◆ INPUT DATA ◆
○ ○ ○
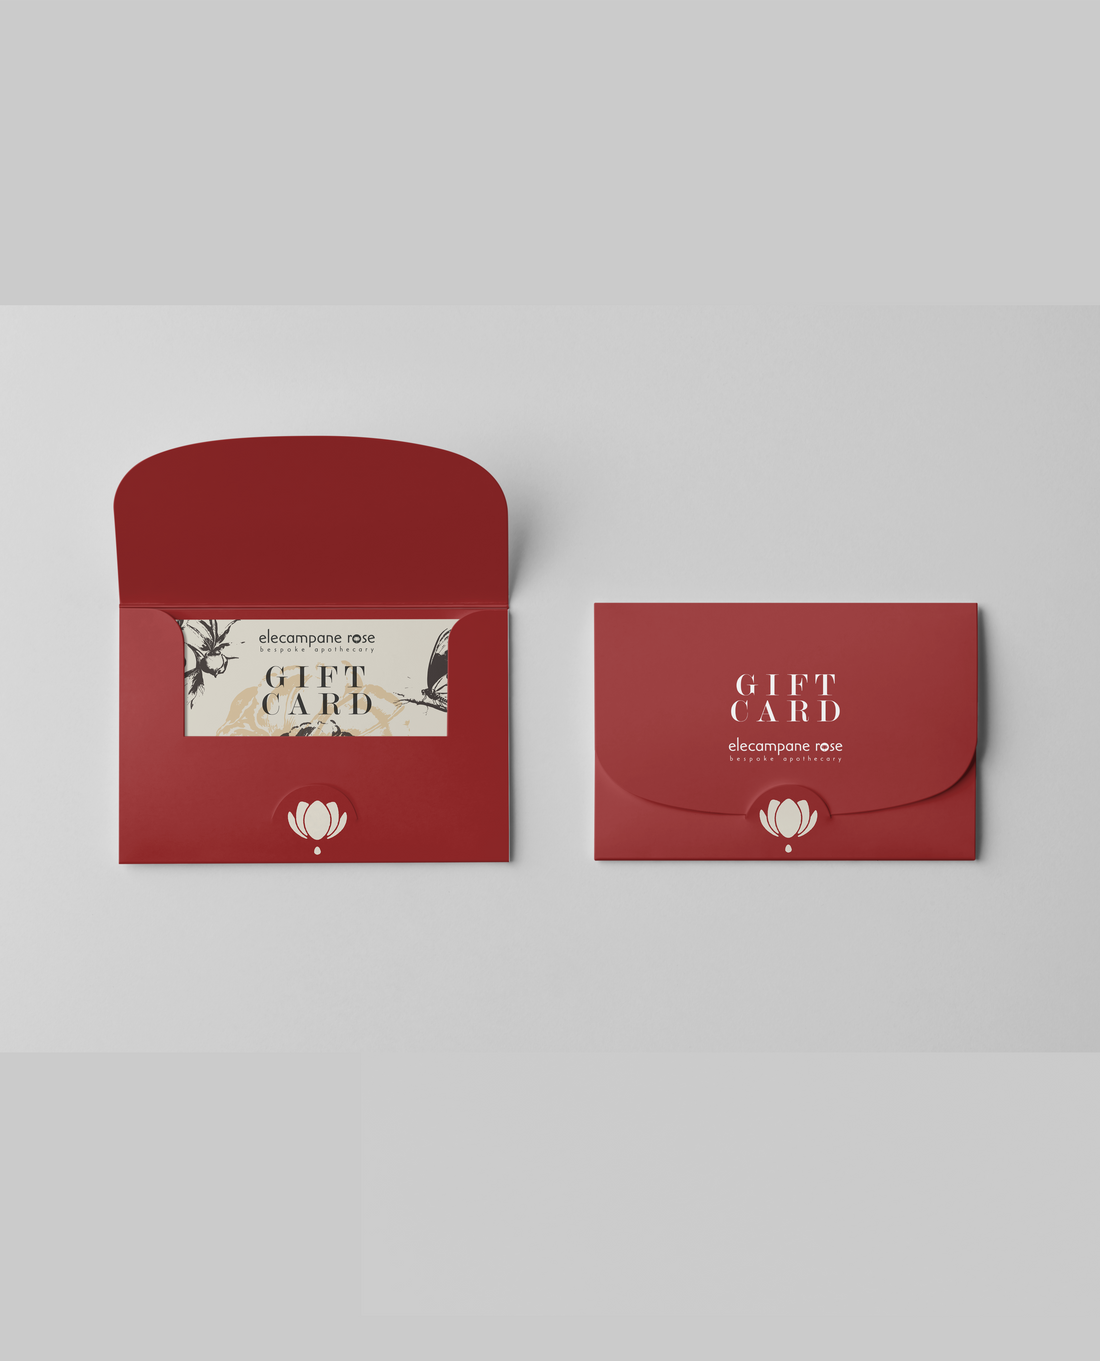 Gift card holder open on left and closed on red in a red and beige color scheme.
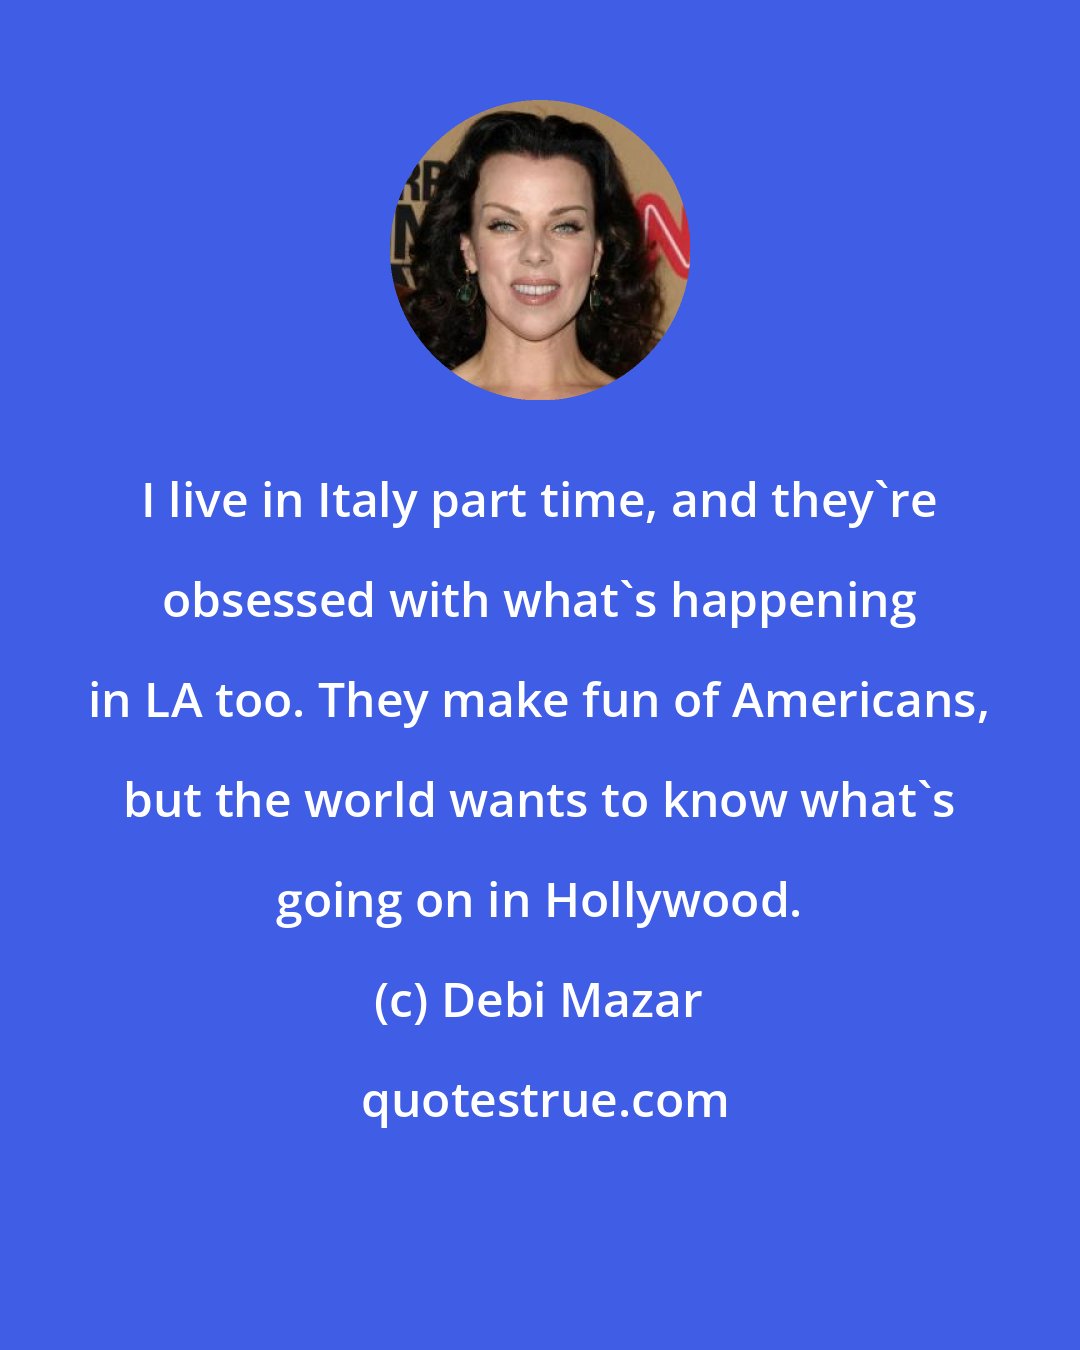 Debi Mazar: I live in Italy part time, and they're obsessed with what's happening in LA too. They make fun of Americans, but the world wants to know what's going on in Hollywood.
○ ○ ○
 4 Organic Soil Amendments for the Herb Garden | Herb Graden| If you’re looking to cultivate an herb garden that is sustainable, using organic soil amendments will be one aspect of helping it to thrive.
○ ○ ○
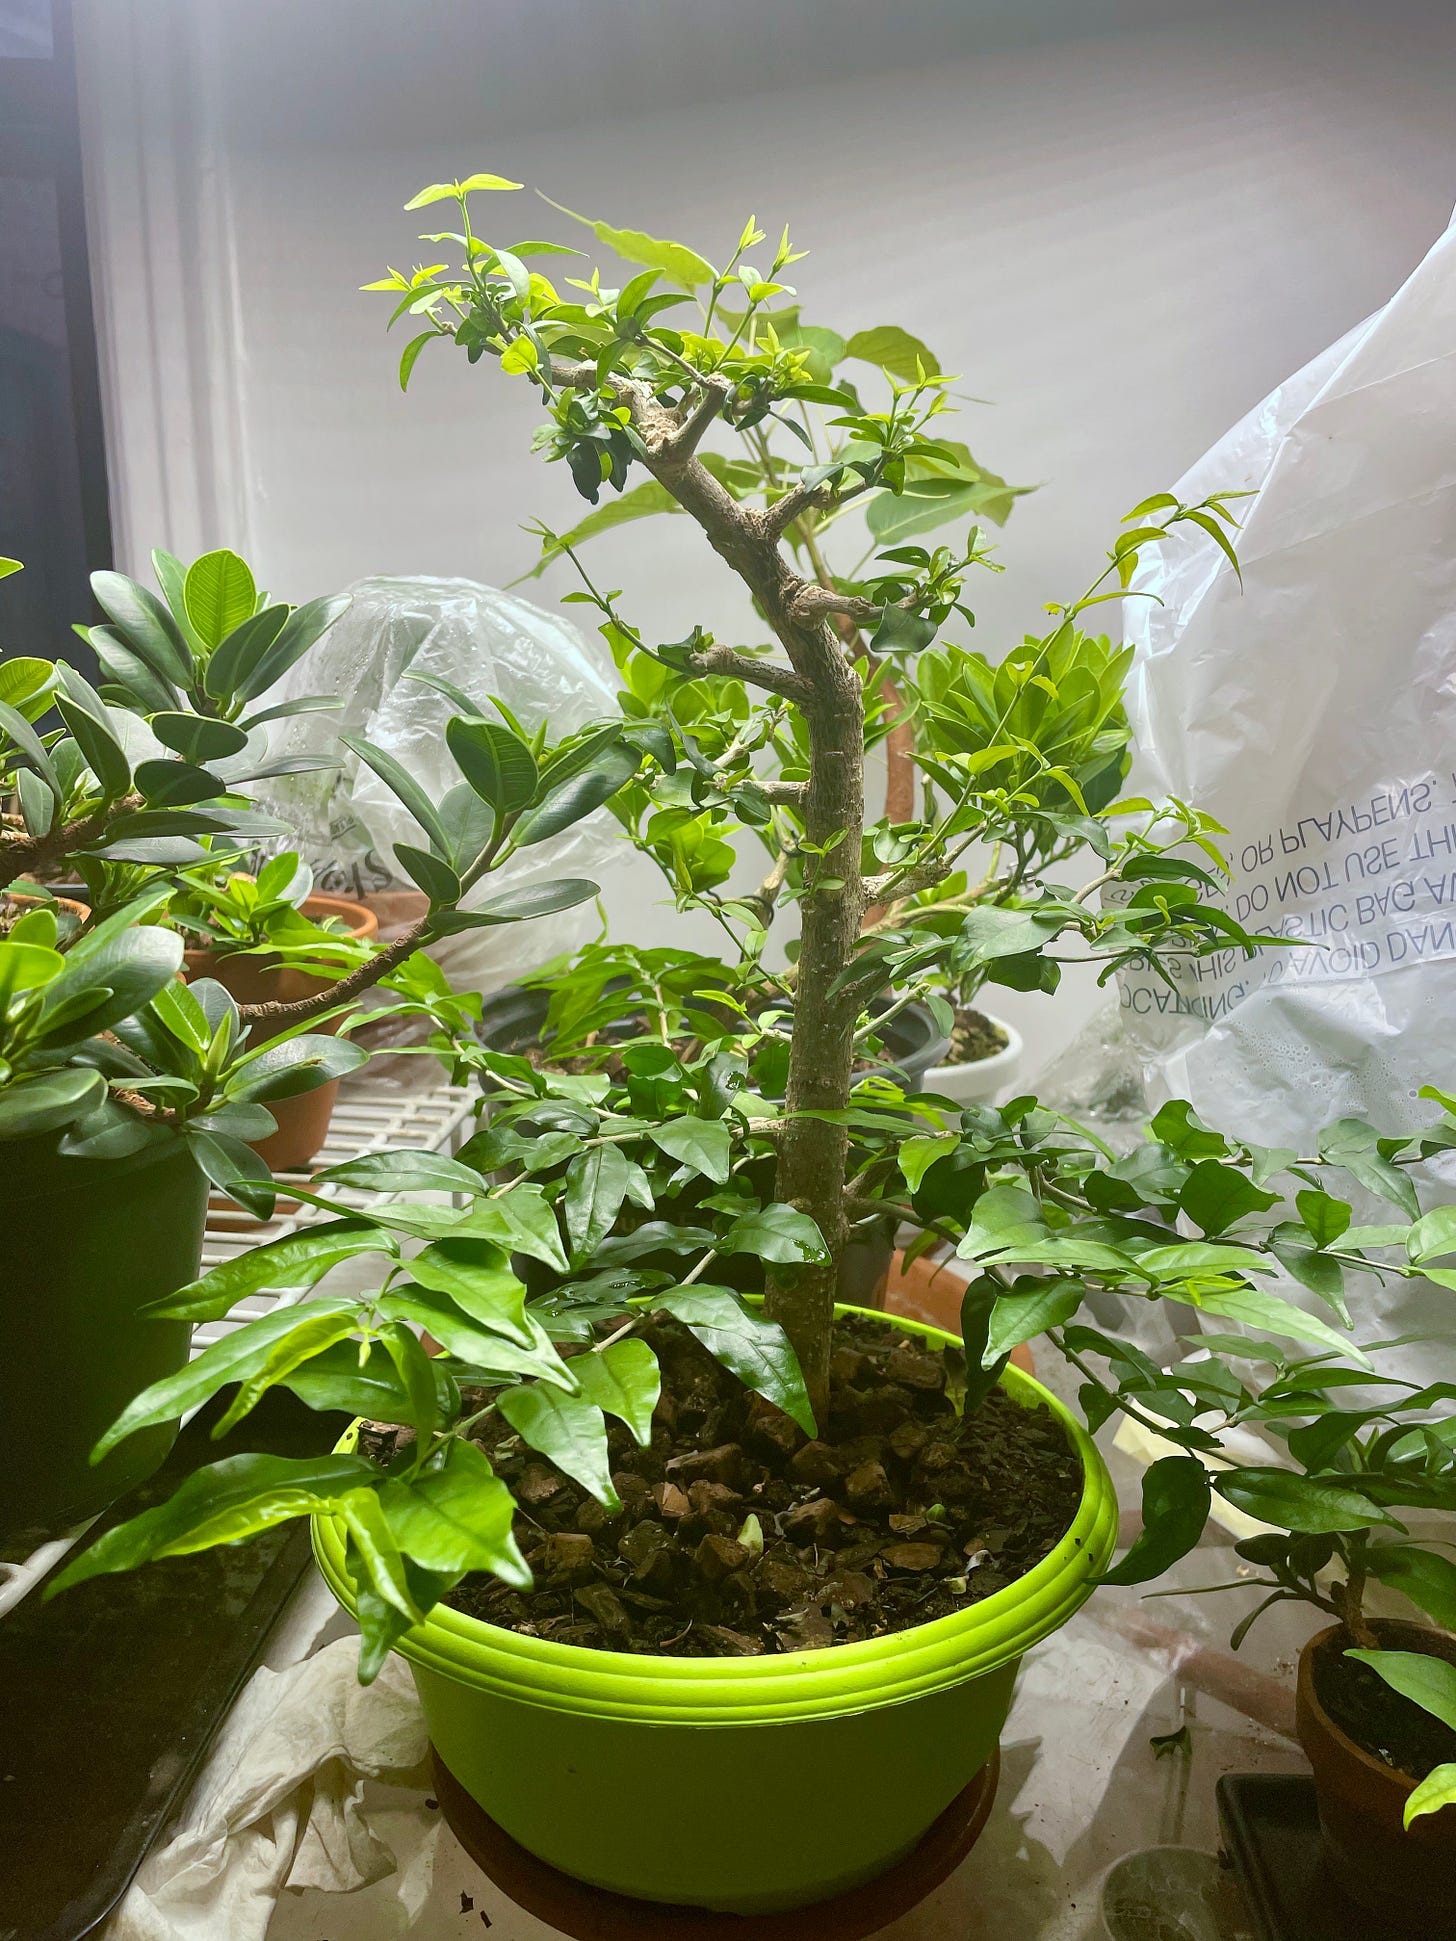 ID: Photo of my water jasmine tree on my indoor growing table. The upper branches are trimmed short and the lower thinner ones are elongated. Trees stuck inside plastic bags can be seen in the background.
○ ○ ○
◆ ACTIVITY ◆
Above is the material; set down exactly its lines from the one containing "Gift card holder" down to the one containing "Debi Mazar: I", both included, leaving out any pictures.

◆ RESULT ◆
 Gift card holder open on left and closed on red in a red and beige color scheme.
 Debi Mazar: I live in Italy part time, and they're obsessed with what's happening in LA too. They make fun of Americans, but the world wants to know what's going on in Hollywood.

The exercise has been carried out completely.